- _Exercise instructions_: Copy only what lies from the line containing "Naraha, Japan. 01st" through the line containing "PK Liva vol" in the entries below, keeping both end lines exact and dropping every picture.
Dataset section start
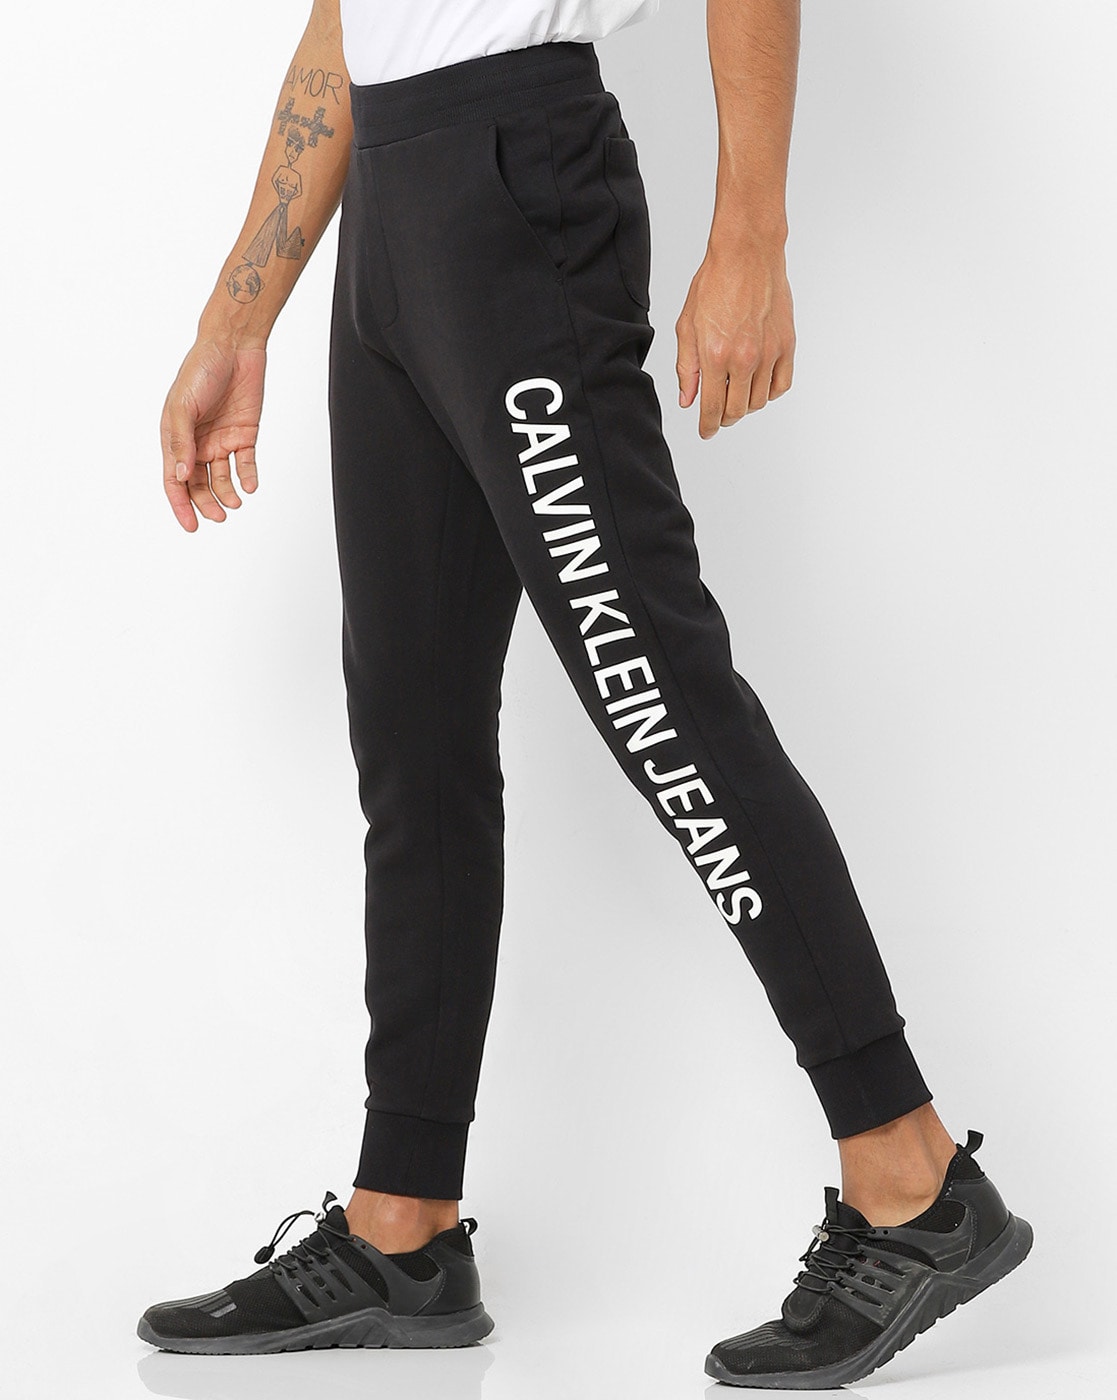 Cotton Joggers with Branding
Dataset section end
Dataset section start
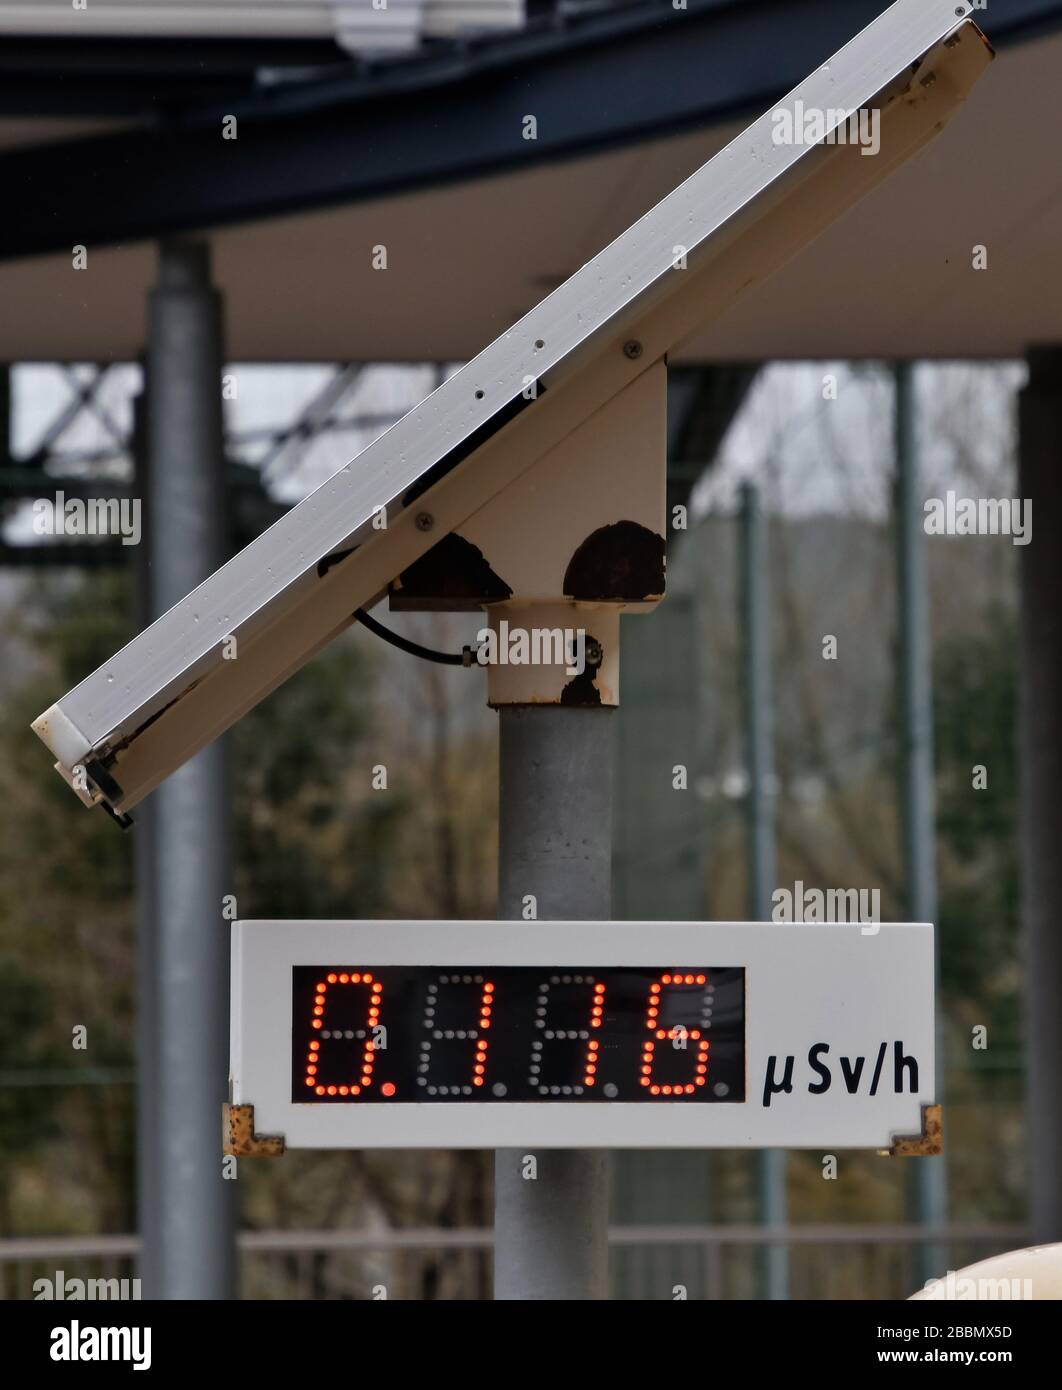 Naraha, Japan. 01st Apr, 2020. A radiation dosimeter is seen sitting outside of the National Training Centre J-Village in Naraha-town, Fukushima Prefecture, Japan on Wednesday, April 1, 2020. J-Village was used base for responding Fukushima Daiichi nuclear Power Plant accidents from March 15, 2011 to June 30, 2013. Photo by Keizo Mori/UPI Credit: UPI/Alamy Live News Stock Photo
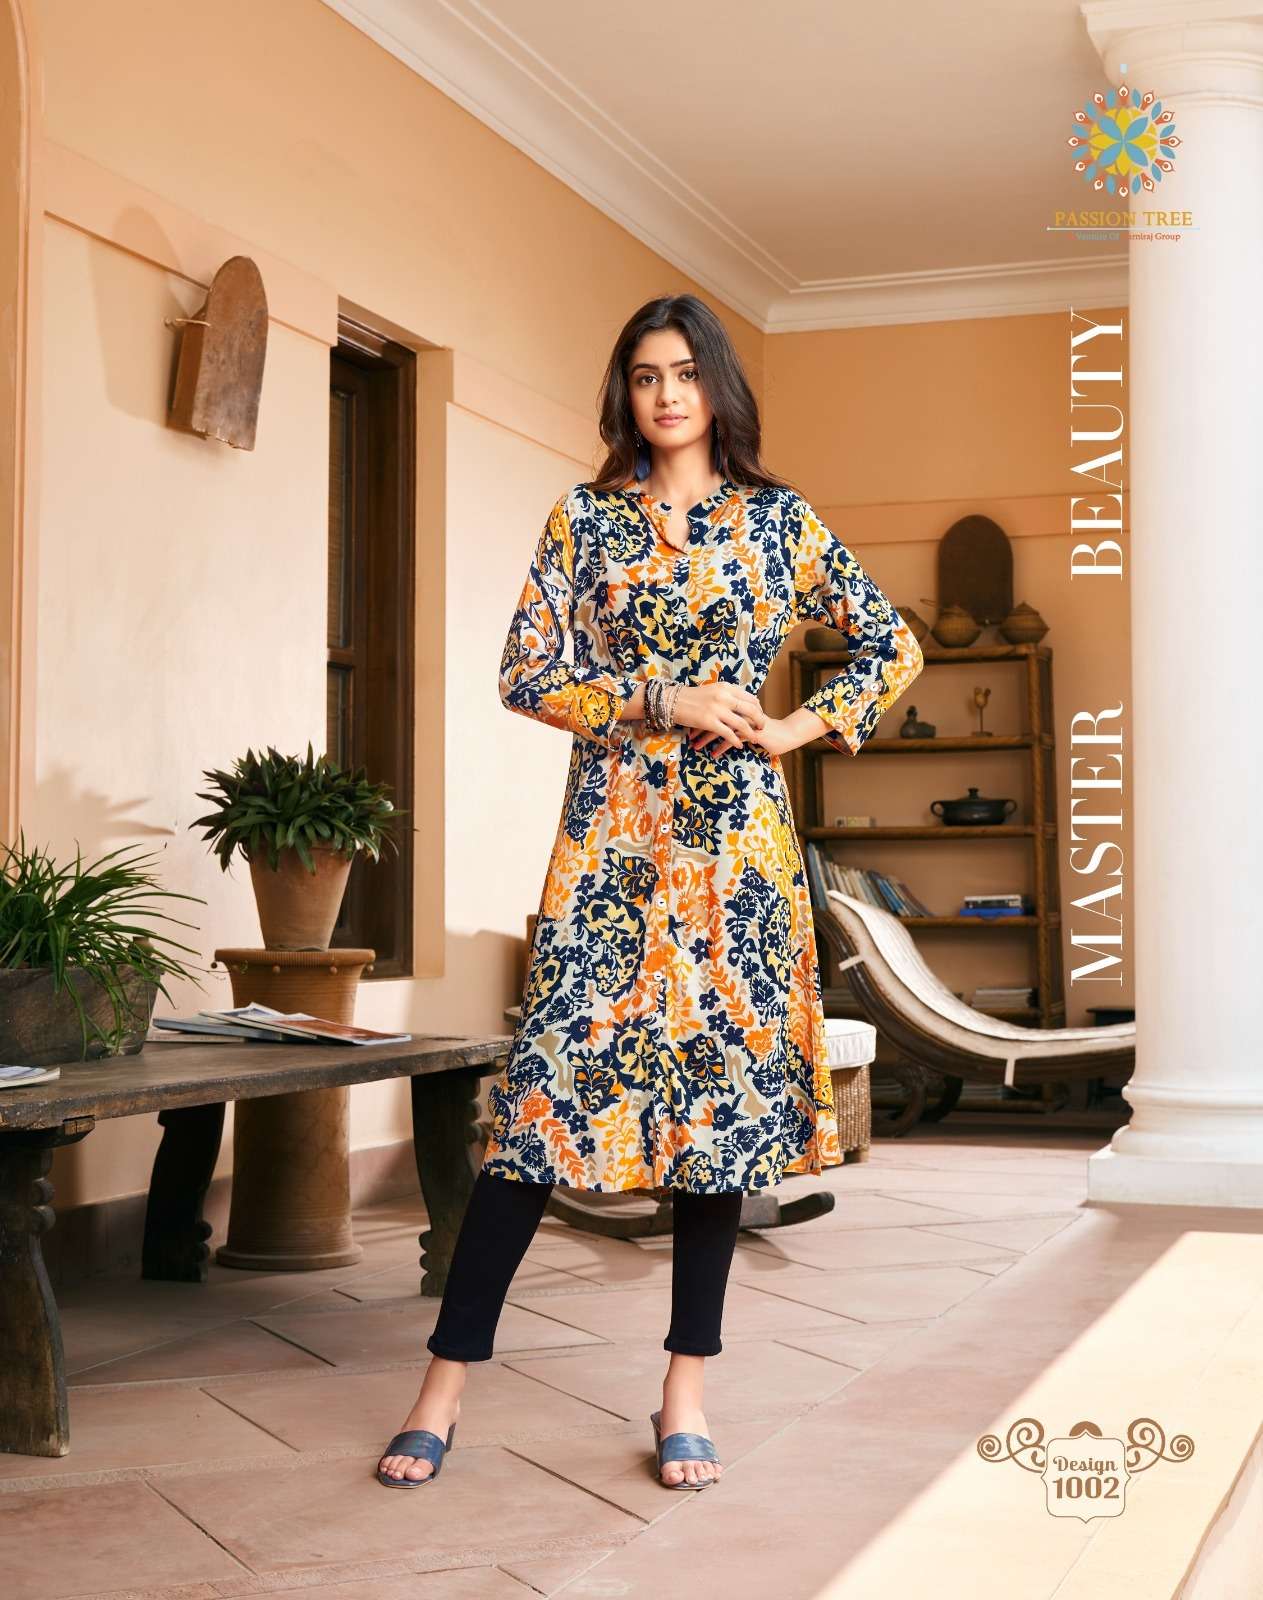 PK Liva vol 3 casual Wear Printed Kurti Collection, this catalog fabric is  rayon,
Dataset section end
- _Response to the task_:
 Naraha, Japan. 01st Apr, 2020. A radiation dosimeter is seen sitting outside of the National Training Centre J-Village in Naraha-town, Fukushima Prefecture, Japan on Wednesday, April 1, 2020. J-Village was used base for responding Fukushima Daiichi nuclear Power Plant accidents from March 15, 2011 to June 30, 2013. Photo by Keizo Mori/UPI Credit: UPI/Alamy Live News Stock Photo
 PK Liva vol 3 casual Wear Printed Kurti Collection, this catalog fabric is  rayon,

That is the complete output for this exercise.